# Prep for a show, difference from a mini?



## Frankie (Dec 6, 2009)

I will be showing a classic shetland for the first time this next year, very excited about it too!! I was hoping you could help me with clipping on both the body and the face and sizes of blades to use. I need to start getting some things now instead of all at once. I have some 7, 10, 15, and a 30 blades.

Also halter, do you use the same type of show halter?

Any differences for getting them ready would be greatly appreciated.

I have watched lots of classes over the years but because I wasn't showing in Shetland, I didn't pay attention to detail.

Thanks so much!


----------



## muffntuf (Dec 6, 2009)

There really isn't much difference in clipping. Depending on how tight the pony's coat is - you could very leave it unclipped. Although most people clip once or twice a show season and then for Congress. Trainers of course clip more often.

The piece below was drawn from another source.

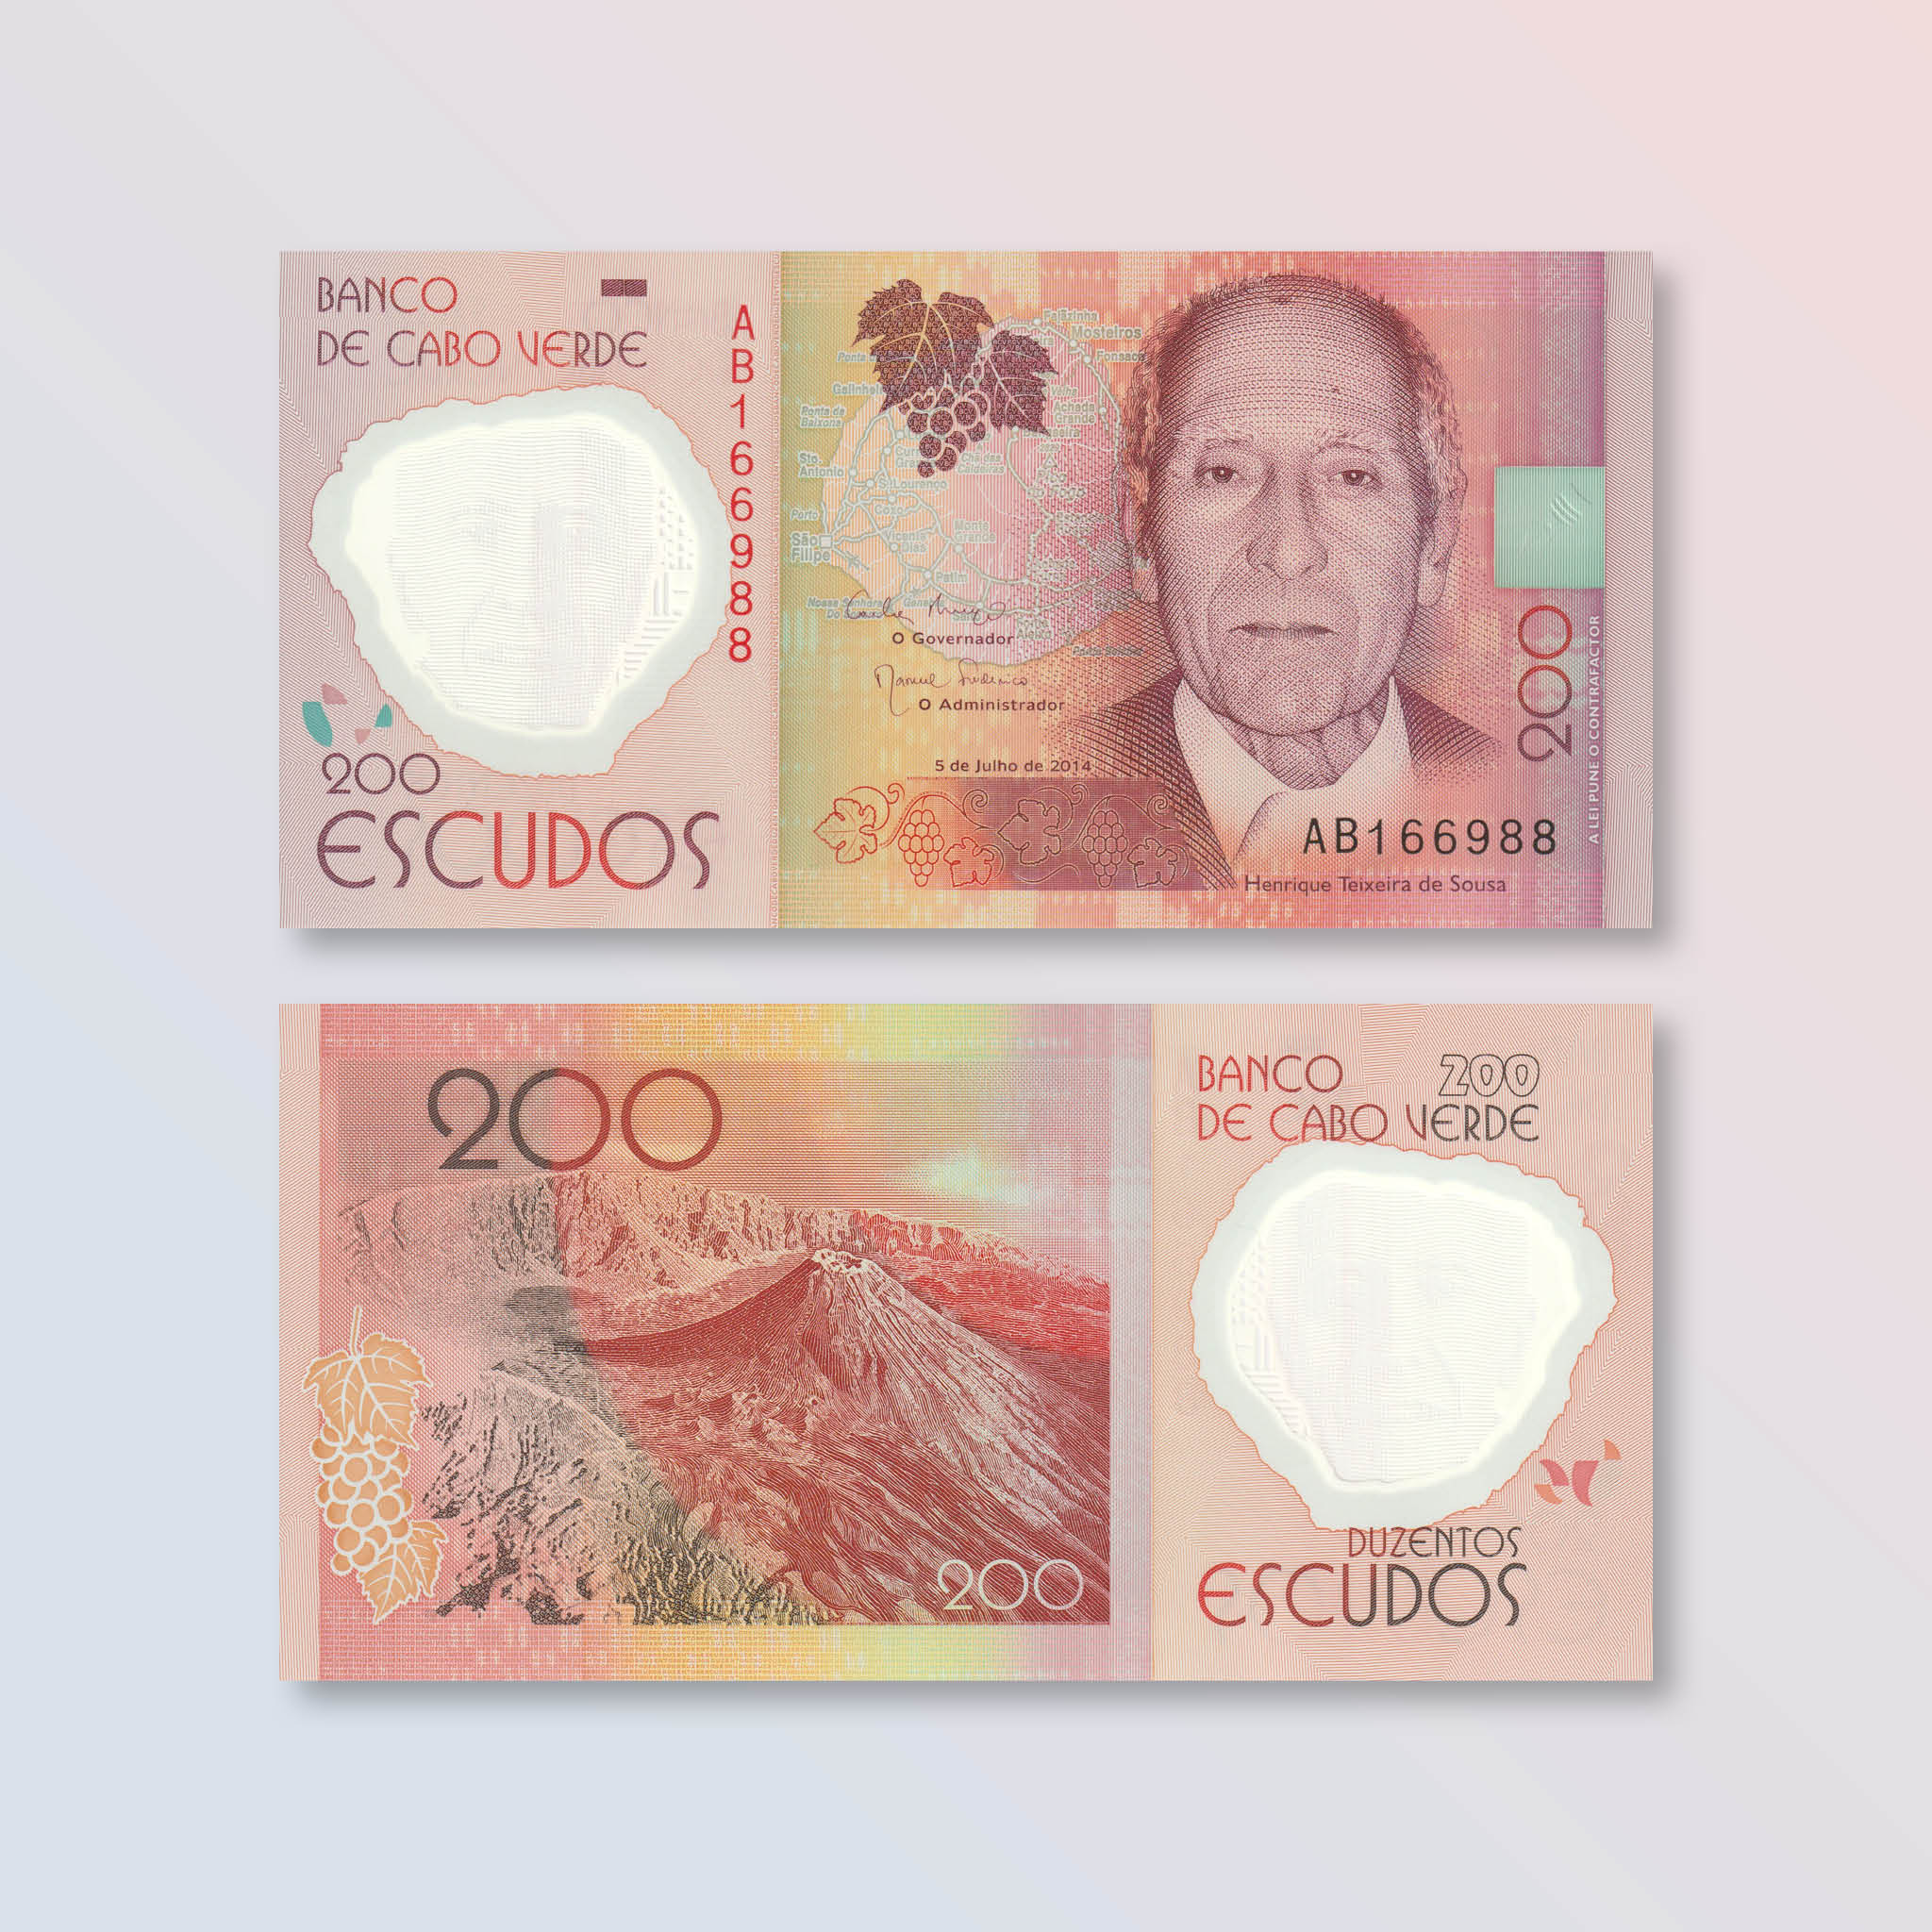 Cape Verde 200 Escudos, 2014, B217a, P71, UNC - Robert's World Money - World Banknotes

You cannot however, razor a face, that is now a rule and they are looking for it in the show ring. So if you have a Double Reg.'d sheltand/mini you need to decide which way to show it, but you said it was a Classic. Just remember you can't razor the head.

We use mostly cable halters in the Classic division, some stallions use bitted halters.

You would fit a Classic much the same way you would a miniature - in shape, straight top line, etc.

Good luck! Hope to see you at Congress next year!


----------



## Leeana (Dec 6, 2009)

Basically what Trace said - as for the razoring rule you can do a 50 on the muzzle. How they stated the rule at Congress was if any "razor nicks" (ei - signs of razoring) the pony was to be bumped down 3 placings. So I was sure to do a real smooth clip with the 50. I like cable halters, however, I have a classic mare that I think may look good in a bridle actually but we will see what I want to do in the spring bridle or halter.

Good feeding comes first along with round penning, worming ext. Just like with the miniatures. I so much more prefer to condition the ponies though...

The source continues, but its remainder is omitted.